In the bloodier history of the Wicker Man tradition, it was male criminals who were reportedly stuffed inside the wicker construct; which leaves me wondering why there seem to have been two, gender different methods established for public burnings.
Very Odd.
Thanks for this interesting read, Bent.
I'm here but my wireless Internet signal is weak right now so I am unable to view the wonderful compendium of videos. I'll get to them later.
Of course, I can readily see that your writing and documentation are sublime. However, that is to be expected from a pro.
Hat's off, sir.
What really impresses me is the series of html embeds of You Tube videos. I was about to try this posting format myself but you beat me to it ... and I would never have matched your journalistic acumen.
Hat's still off, sir.
One suggestion, perhaps: You Tube offers the option of color coding an attractive halo around each embedded player. You'll find that option directly to the right of the embed code.
It seems to be that the visual appeal of your presentation might have been enhanced with this technique. I don't know, maybe you have too many videos for that approach. Gotta try it and see.
Later, dude.
~ Ken
My devoutly Roman Catholic mother cherishes St. Patrick's tale and was once terrified by snakes. After I suggested that the snakes are a metaphor for pagan spirituality, she became somewhat less frightened (consciously at least). The power of myth continues to amaze me.
Of course if you refused to confess we'd crush you with stones till you did... or died.
The only way this would be disturbing to me would be of they started actually burning people.

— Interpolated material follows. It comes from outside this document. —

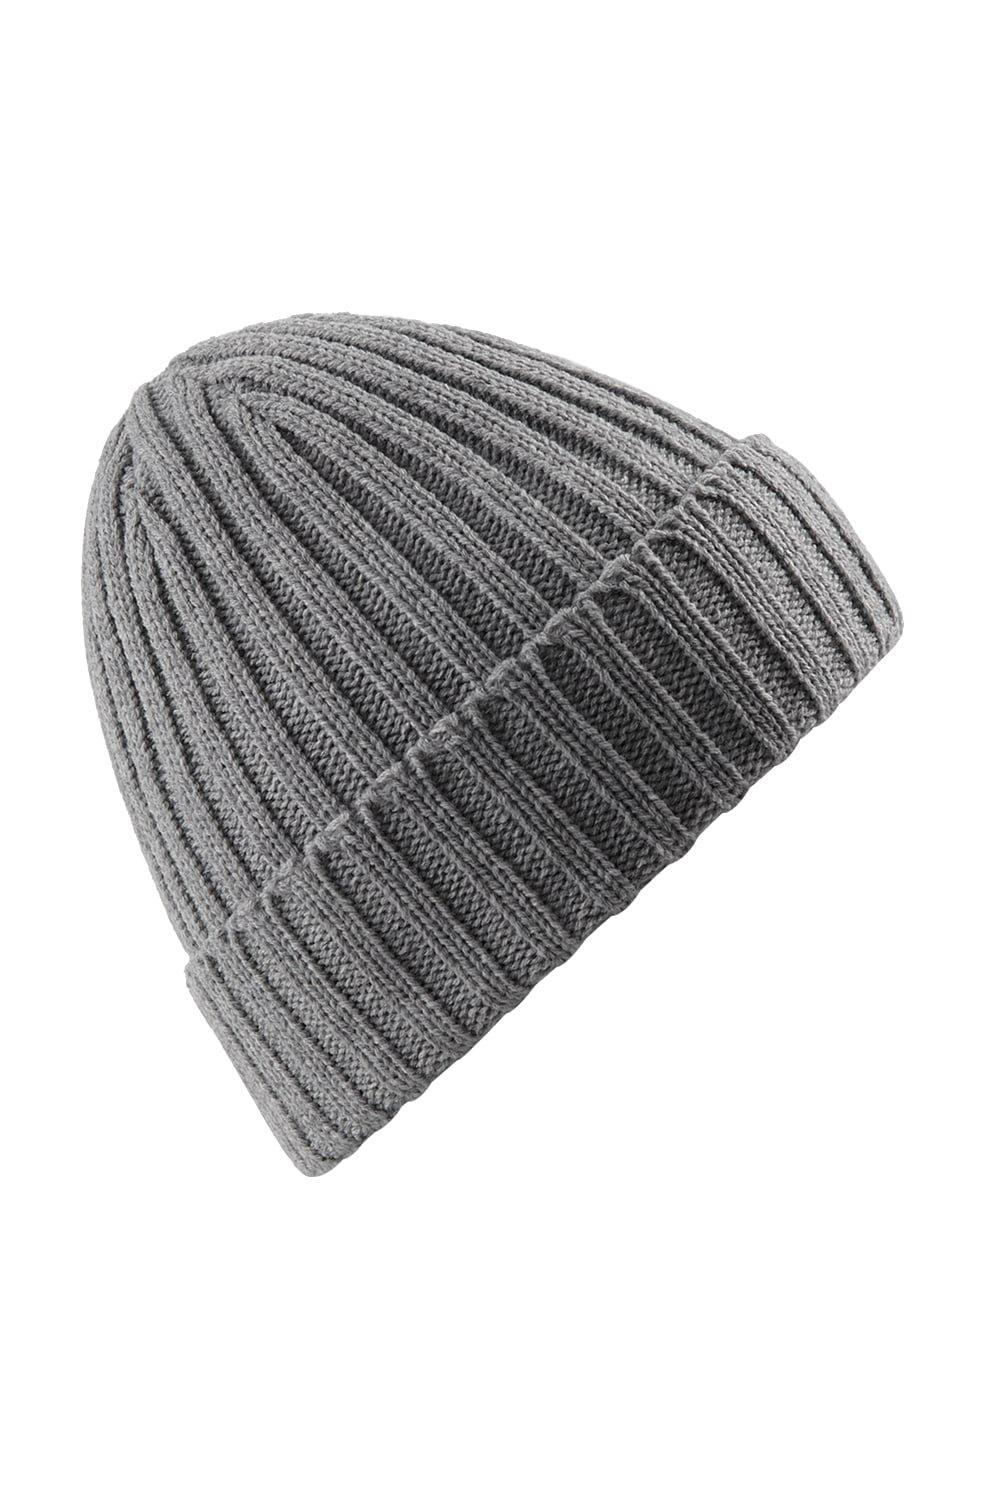 цена Массивная зимняя шапка-бини в рубчик Beechfield, серый

Being a true feminist I have read countless volumes about the European eradication of matriarchal systems. The persecution of the village wise women and crones when the patriarchal systems were dividing the land for the monarchies and of professionalizing of medical treatment by the wondrous practices of bleedings, leeches, etc. Of course these services could only be provided by men who knew so much more.
The Catholic church's history is one of the most disgusting in the history of personkind.
Thanks for the article Bent, I skimmed it only because it breaks my heart to see these things and I'm bookmarking it for a later date when I have to fortitude to deal with it.
But I've always felt that it is better to make conscious what sits just beneath the surface than to allow it to continue staying there.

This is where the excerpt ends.